Scales of Measurement
Ratio Scales
 The most complex and advanced scales
 Ratio scales posses all the properties of interval scales and in
addition has a absolute zero point
 Gram for weight and centimeter for height are some
examples.
 If something is zero grams, then it has no mass.
 If something is zero centimeters, then it has no length.
 Kelvin is a good example.
 Differing from Celsius and Fahrenheit, Kelvin has an absolute
zero point.
 That is, at zero Kelvin substance would have no molecular
motion (energy) and, therefore, no heat
Why does absolute zero point matter?
 Imagine we want to measure the temperature of our
classroom with a Celsius scale.
 Let’s say it is 30C. One of our friends would say it was 15C
last winter.
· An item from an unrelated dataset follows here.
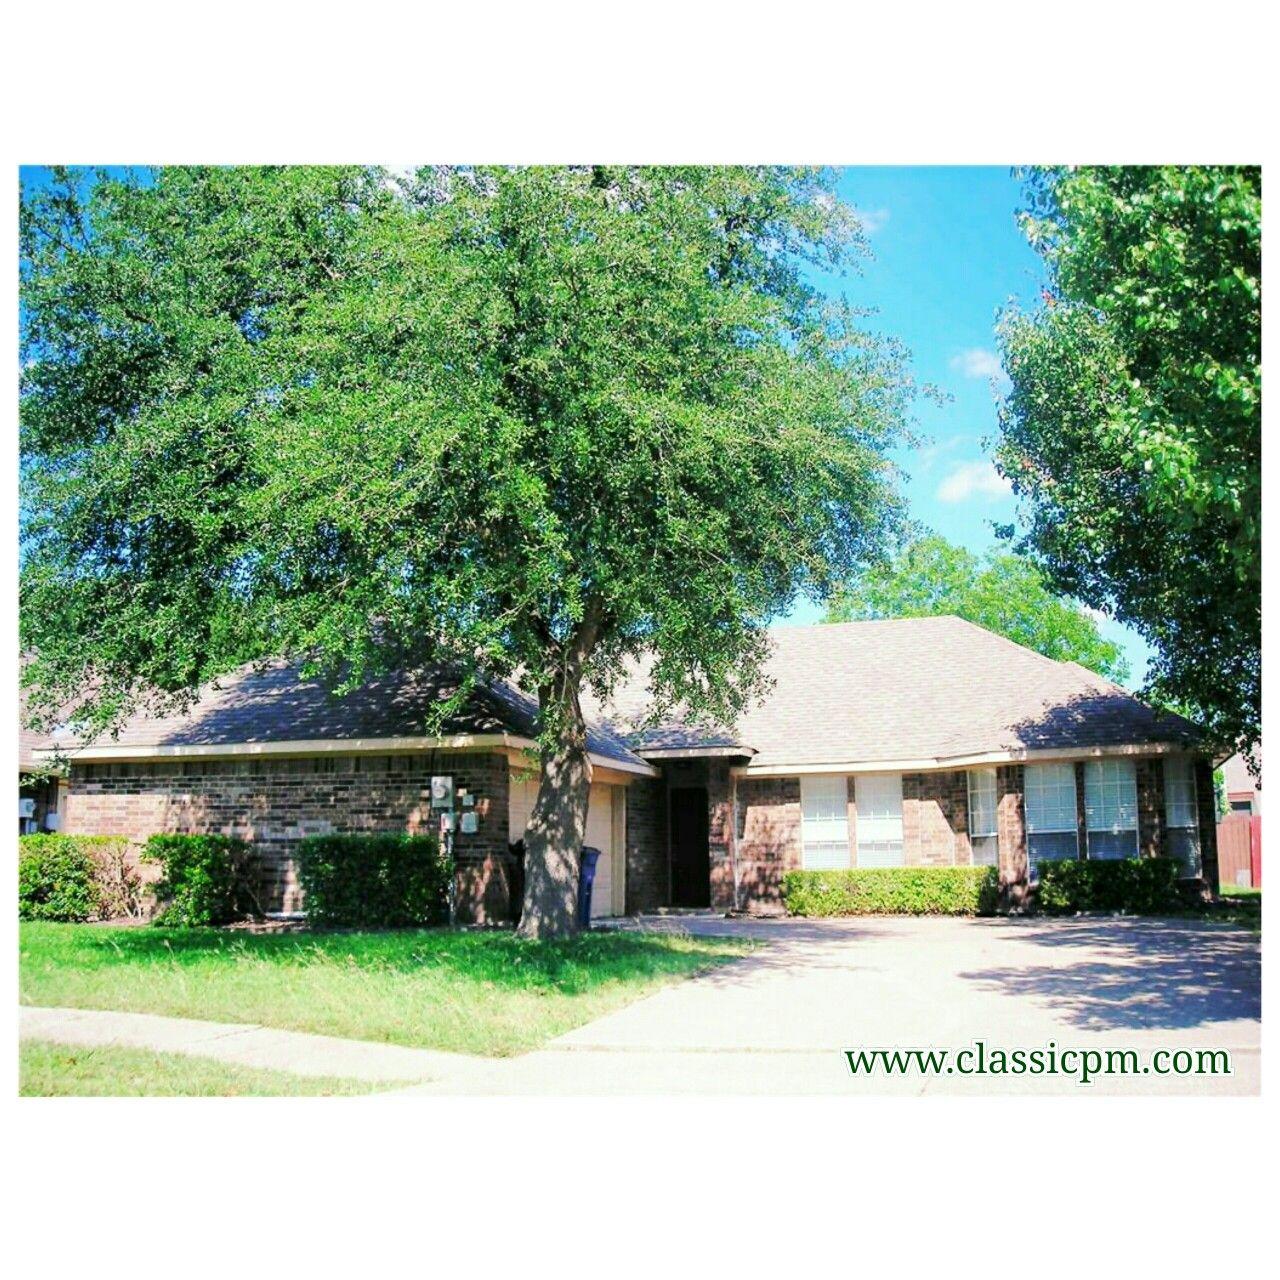 1628 Riverway Bend Circle Dallas, Texas 75217 134,900

So, does it mean it is now twice hotter than last
winter?
Why does absolute zero point matter?
 No it doesn’t
 Since, the zero point is not absolute in Celsius scale; we can
move it up or down.
 Let’s say we decided to move it 10C lower.
 Thus, our new Celsius Scale would show 40C for the current
temperature, and 25 for last winter.
 So, it is not meaningful to assert that a temperature of 30C is
twice hot as one of 15 or that a rise from 30C to 33C is a
10% increase.
Final notes about scales
 The ratio scale subsumes all other scales
 Ratio>Interval>Ordinal>Nominal
 Computation with the scores
 Nominal scales: Clustering
 Ordinal Scales: Clustering and rank order
 Interval Scales: addition and subtraction
 Ratio Scales: addition, subtraction, multiplication and division
Variables and Computational Accuracy
 Variables may be either discrete (kesikli) or continuous
(sürekli).
 Discrete Variable
 The variables which can take on only certain values
 For instance, number of the students in our classroom is discrete. It is 43
this week, but it was 42 last week. But no value can be between these
two.
 Continuous variables can take on any value.
 For instance, temperature can be 29C, 29.4C or 30C
Variables and Computational Accuracy
 Even though a variable continuous in theory, the process of
measurement always reduce it to a discrete one.
 Imagine, the true weight of a tomato were 0.23138 kilogram.
 A standard weighing machine is not that sensitive.
 It would measure weight to the nearest hundred of a kilogram.
 So, it would show 0.231
 Is that a problem?
Variables and Computational Accuracy
 Within the limits of recording equipment, it is up to the
investigator to determine the degree of accuracy appropriate
to the problem at hand
 If you want to buy a tomato, 0.00038 kilogram is not
important.
 What if you would like to buy gold?
 1 kg tomato is 1.20 TL. So, 0.00038 kg is 0.000456 TL
 1 g Gold is 101 TL. So, 0.00038 kg is 3.838 TL
Variables and Computational Accuracy
 In Psycohology, we also need to be very carefull in
computational Accuracy.
 If a psychologist works on an theoretical construct which is not
directly related to individuals’ wellbeing, accuracy will not be
that important
 On a paper-pencil attitude measure, it will not be important if a
participant rate his/her favorability toward an attitute object as 7 while
his/her true attitude is 8
 What about intelligence, apptitude, or skills?